"We have nothing but our shirts," said I, "and those we cannot spare."
"But we don't need to raise our flag until we see a ship over yonder," says Billy, "and if we do see one I can strip off my shirt in no time."
"But we can't fit the staff in no time," I replied, "and we must practise ourselves in that until we are very speedy in it."
We did this accordingly, several evenings in succession, always at dusk, so that our proceedings should not be seen by sharp-eyed savages; and we found in a few days that we could fit the joints of the staff together, and set it up in its socket, in the space of five minutes, as near as I could guess. We kept the several joints in the tree, so that we should not have the labour of hauling them from the ground every time, fastening them to the boughs with strands of creepers.
While on this matter of the flagstaff, I must say that it came into my mind one day that I had seen the native women making a kind of cloth out of the bark of a tree, though I had not observed what tree it was. I thought we might contrive to make a pendant in the same way, and after some trials of the bark of different trees we discovered that the bread-fruit tree was best fitted for our purpose, and by diligently beating with stones upon a broad strip of the bark, moistened with water, we flattened and stretched it until it became a sort of thin fabric, which would serve for a flag, though a makeshift one. But having made it, we could not at first devise a means of attaching it to the staff, having no nails, or anything that could be used in their stead. There did, indeed, come out of the bark as we bruised it, a sticky substance which we hoped might serve as glue, but we found that it was not sufficiently tenacious. However, after some thought I hit upon the device of stringing the flag on a strand of creeper, and then knotting the ends of this about the pole.
Our success in this particular gave us much contentment, and Billy declared that now that we knew how to make cloth we must discover a means of making needles and thread, so that we could patch our shirts and breeches, which were already miserably rent and tattered. But this was too great a puzzle for us at the moment, though we solved it afterwards, as I shall tell in its place.
Pottery
Having started to tell some of the matters that occupied us while we were pondering the means of setting up the posts of our house, I may mention here another notion that came into my head. We had used some of the clayey earth of the hill-side to fill the interstices of our small house, and being often at a loss for vessels in which to cook our food, and also to carry water—as yet we did not drink it much, for very good reasons—I thought of trying to make some pots and pans. I had, to be sure, no turning wheel, nor could I make one, nor had I the prepared flints or the lead for glaze, such as were employed in my uncle's factory. But I had seen the native people making pottery on the island at which we touched, and that being, so to speak, my own line of business, I had taken more particular note of it than of any other of their devices.

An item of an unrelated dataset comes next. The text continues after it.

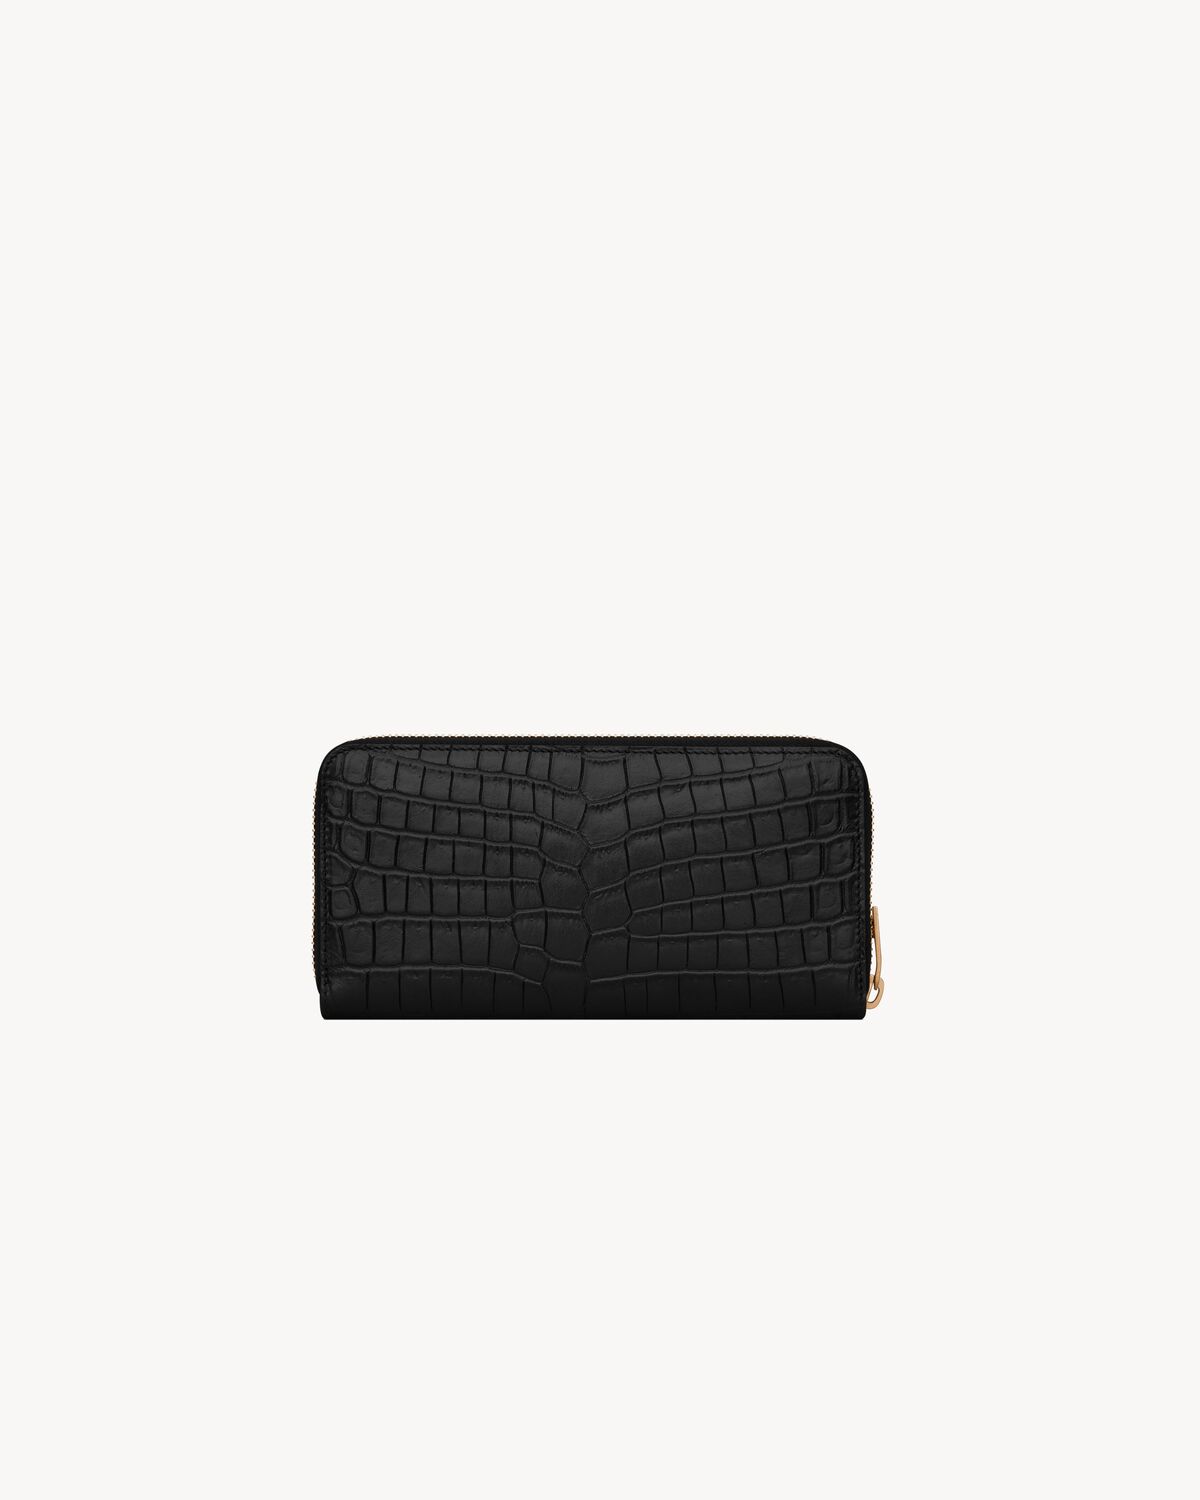 TINY CASSANDRE zip-around wallet in crocodile-embossed matte leather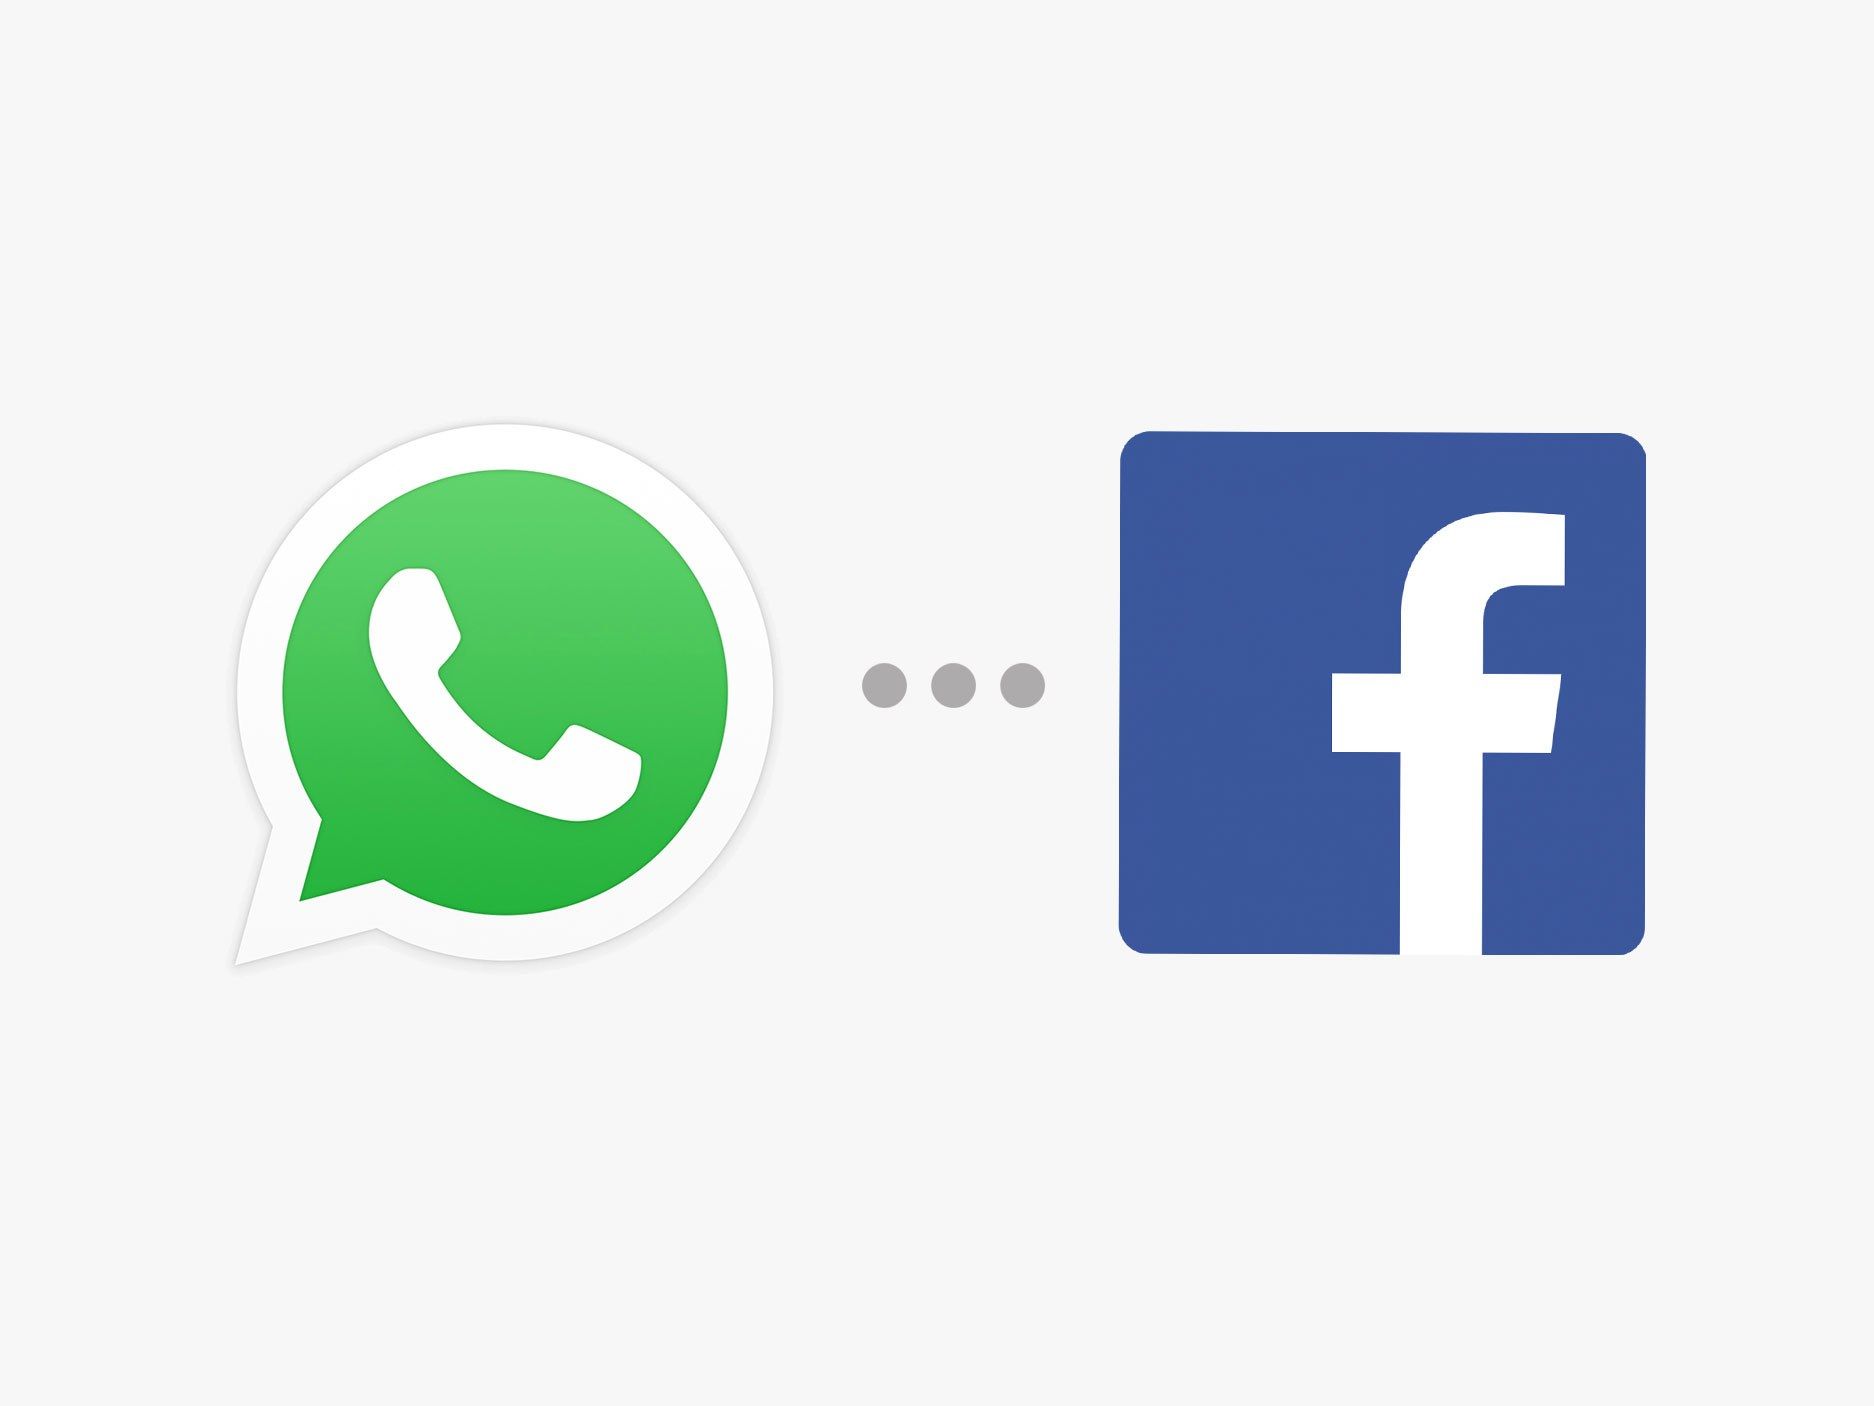 WhatsApp Payments, pagos desde WhatsApp, llegarán a latinoamérica

Their manner was to put a piece of calabash, or some such thing, under a lump of clay, to make it turn freely, and then to turn it slowly, but very deftly, by hand, fashioning thereby a vessel of such regular shape that I am sure my uncle, could he have seen it, would scarce have believed it had not been thrown, as we say, on the wheel. Such vessels they first dried in the sun, then, when a group of them had been moulded, a fire was kindled round and over them, and so they were baked. I had no calabash, but I tried my prentice hand with the half of a cocoa-nut shell, and found it very serviceable. But what gave me a deal of trouble was the clay. When I had mixed a great lump of it, moistening it with water and pounding it with stones, and had moulded a sort of porringer upon the shell at first, the vessel would not keep its shape, even so long as it took me to set it upon the ground to dry. After making several trials of it, and being always disappointed, I saw that I must mix some other substance with the earth to give it consistency. This was a thing that baffled me for days, since all our scouring of the island did not bring to light any substance that would be of use, and we had no means of grinding into powder the flints which lay around in plenty. How strange is it that we may look afar for what we have at our very doors! All of a sudden it came into my head that the sand of the seashore, at the edge of the lava tract, which we trod every day in going to bathe, might be the very substance I needed, and I found, when I came to try it, that it not only gave the clay the consistency I desired, but added a glaze to it when I baked the first vessel I made with it. I soon had a row of basins finished, not very comely in shape, but serviceable, and all of a size; and Billy, having heard me deplore that I had nothing larger than a cocoa-nut to mould them on, went a-prowling on the shore one day, and came staggering back with a great dome-shaped stone, and when he set it down in front of me, "Oh, ain't I a fool!" says he.